I can still remember playing P.T. with my brother and nearly ruining my trousers after the incredibly immersive atmosphere was shattered by the most terrifying jump-scare I have ever experienced. Based on P.T. alone, Silent Hills looked to be the next evolution in gaming, one that could do for interactive media what Orson Welles did for cinema. Then, in early 2015, some concerning news trickled out.  

Piece by piece, we slowly learned that Hideo Kojima had been part of an internal conflict with Konami. He would leave the company with a vague internal business restructuring planned after his departure. Things were tense. The fate of Silent Hills was uncertain. On April 25 2015, fans learnt that P.T. would be removed from the PlayStation store. The writing was on the wall. The final blow of the axe came on April 27, when Silent Hills was officially cancelled. Although Death Stranding eventually rose from the ashes of Silent Hill, we were still deprived of the next leap forward in video game horror. A further crushing blow (had we not suffered enough already?) came when it was revealed that Junji Ito, the manga master of otherworldly horror, had been a collaborator on the cancelled Silent Hills project. We’ll never know what Silent Hills could have been, and it still hurts today. 

Kojima’s departure was a rueful incident that was simply the final, fatal misstep for Konami

The question is, what did Konami do next? How would they recover from the upset and outrage that they caused by cancelling Silent Hills? In 2015, the company announced that they were focusing on mobile gaming. Konami delisted itself from the New York Stock Exchange. They continued to release games, but remained mostly focused on arcades and the Pro Evolution Soccer series. A Metal Gear follow-up – Metal Gear Survive – released in 2018 to a middling reaction fuelled by Kojima’s absence. Konami seemed to be fading away. 

In January of this year, Konami dissolved several of its Production Divisions, though it was confirmed by the company that this was done to allow future games to be made with greater speed and efficiency. This most certainly isn’t the end of Konami as a video game company, but it’s another strange development for a former titan of game development that has fallen into obscurity in recent years.

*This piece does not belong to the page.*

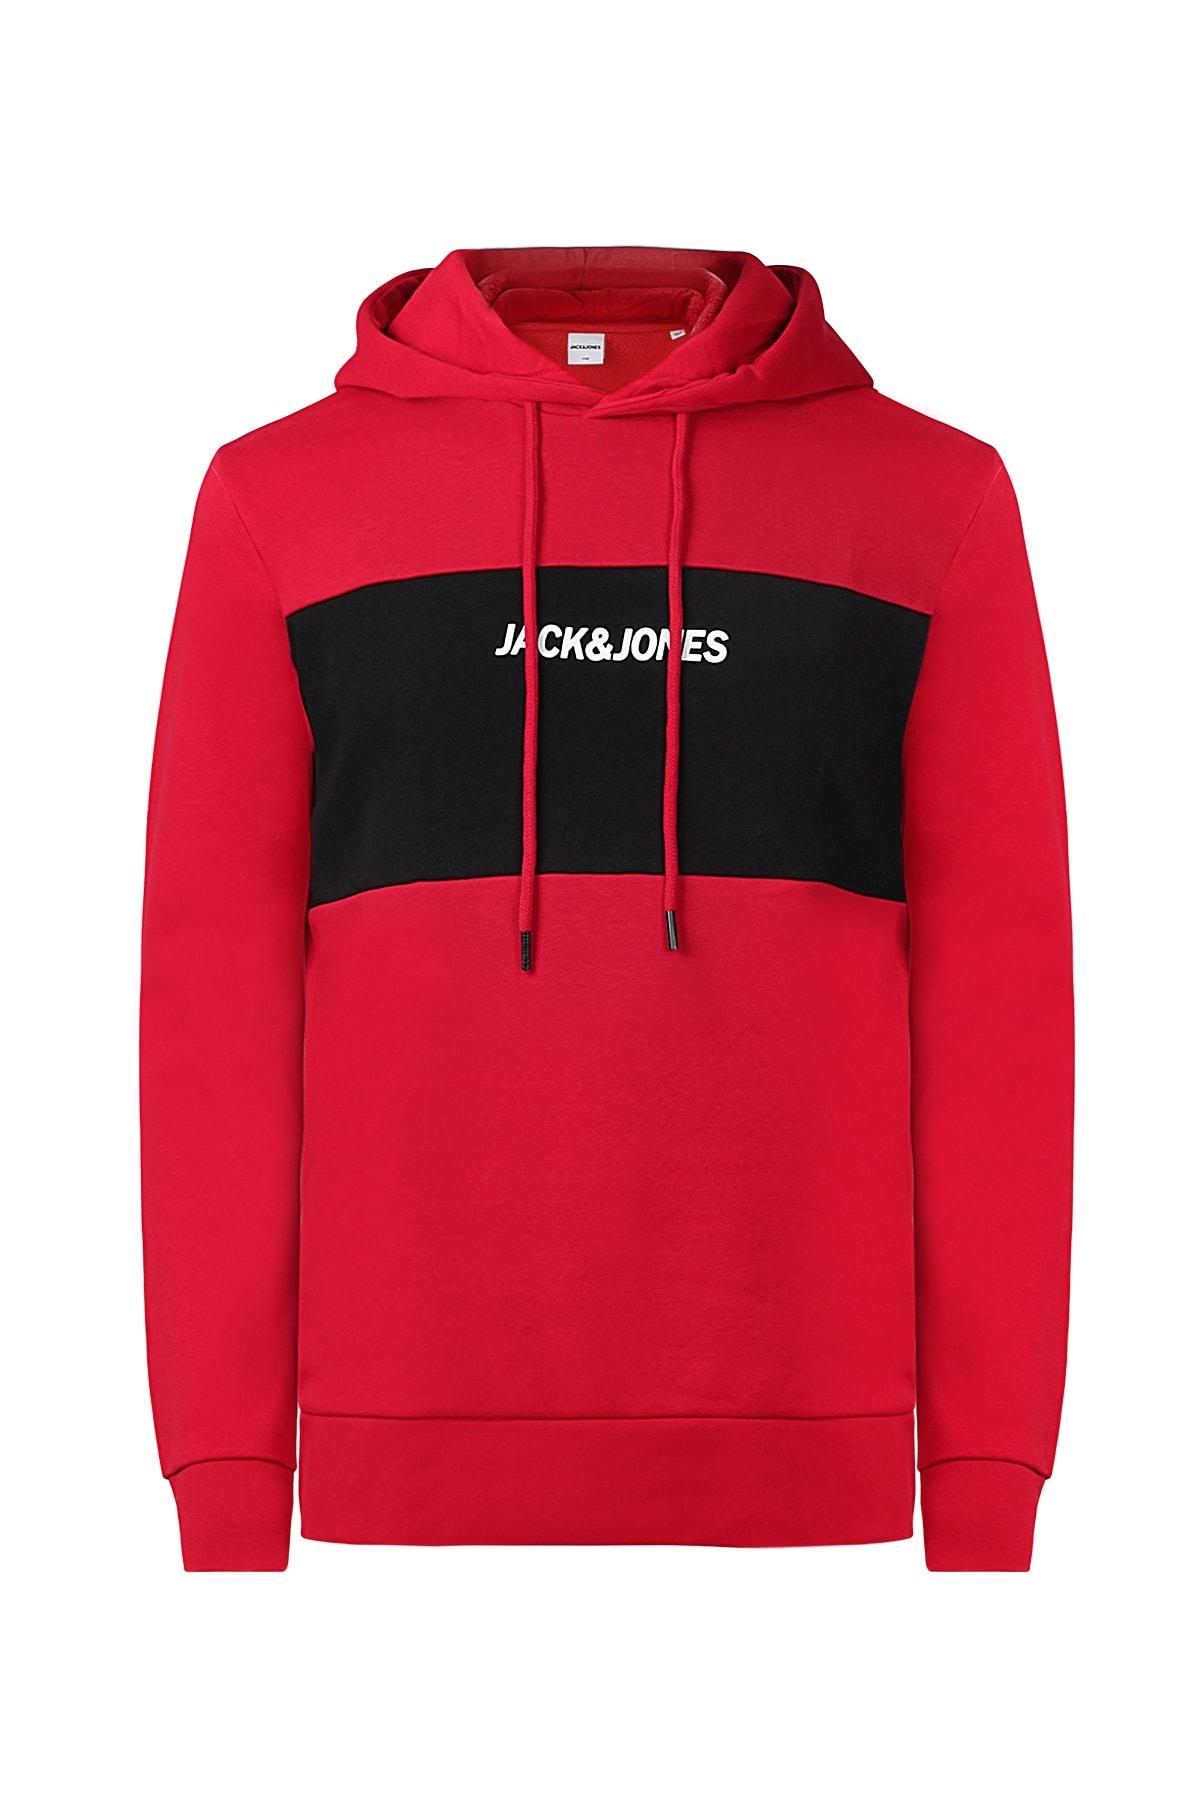 Jack & Jones Sweatshirt 12193085 JCODEONE 1

It’s important to note that Konami isn’t just a video game company – it remains connected to the casino/’gacha’ industry, and also has ties with anime and trading cards. Perhaps the Japanese conglomerate has turned its attention to these lesser-known (at least in the West) divisions that are actually more profitable. That seems to be the most obvious conclusion to draw. 

It has to be said that Konami’s fall from glory didn’t start with the Kojima controversy. The last truly great Silent Hill game was released in 2004 (or perhaps even 2003). Castlevania’s most recent 10/10 game came in 2003. Kojima’s work on MGS4 and MGS5 was truly deserving of critical acclaim, but we’ll have to see whether they stand the test of time as well as 2004’s Snake Eater. Konami failed to make the vital jump into sustained greatness for the seventh generation of consoles. The PlayStation 2 is in many ways the resting place of most of the company’s final great works. Kojima’s departure was a rueful incident that was simply the final, fatal misstep by a company that had been fading for a decade by that point.

Is there a lesson to learn from all of this? I think that there is. The video games that I love and cherish the most prioritise atmosphere, experience and narrative. MGS aside, Konami abandoned that. As a company that moved from the production of experimental, surreal, cerebral interactive art to milking its legacy for easy money and focusing on the reliable flow of revenue from its other ventures, Konami stands as a tragic example of the loss of respect, significance and importance that comes from placing profit above cultural relevance and artistic vision. What a loss.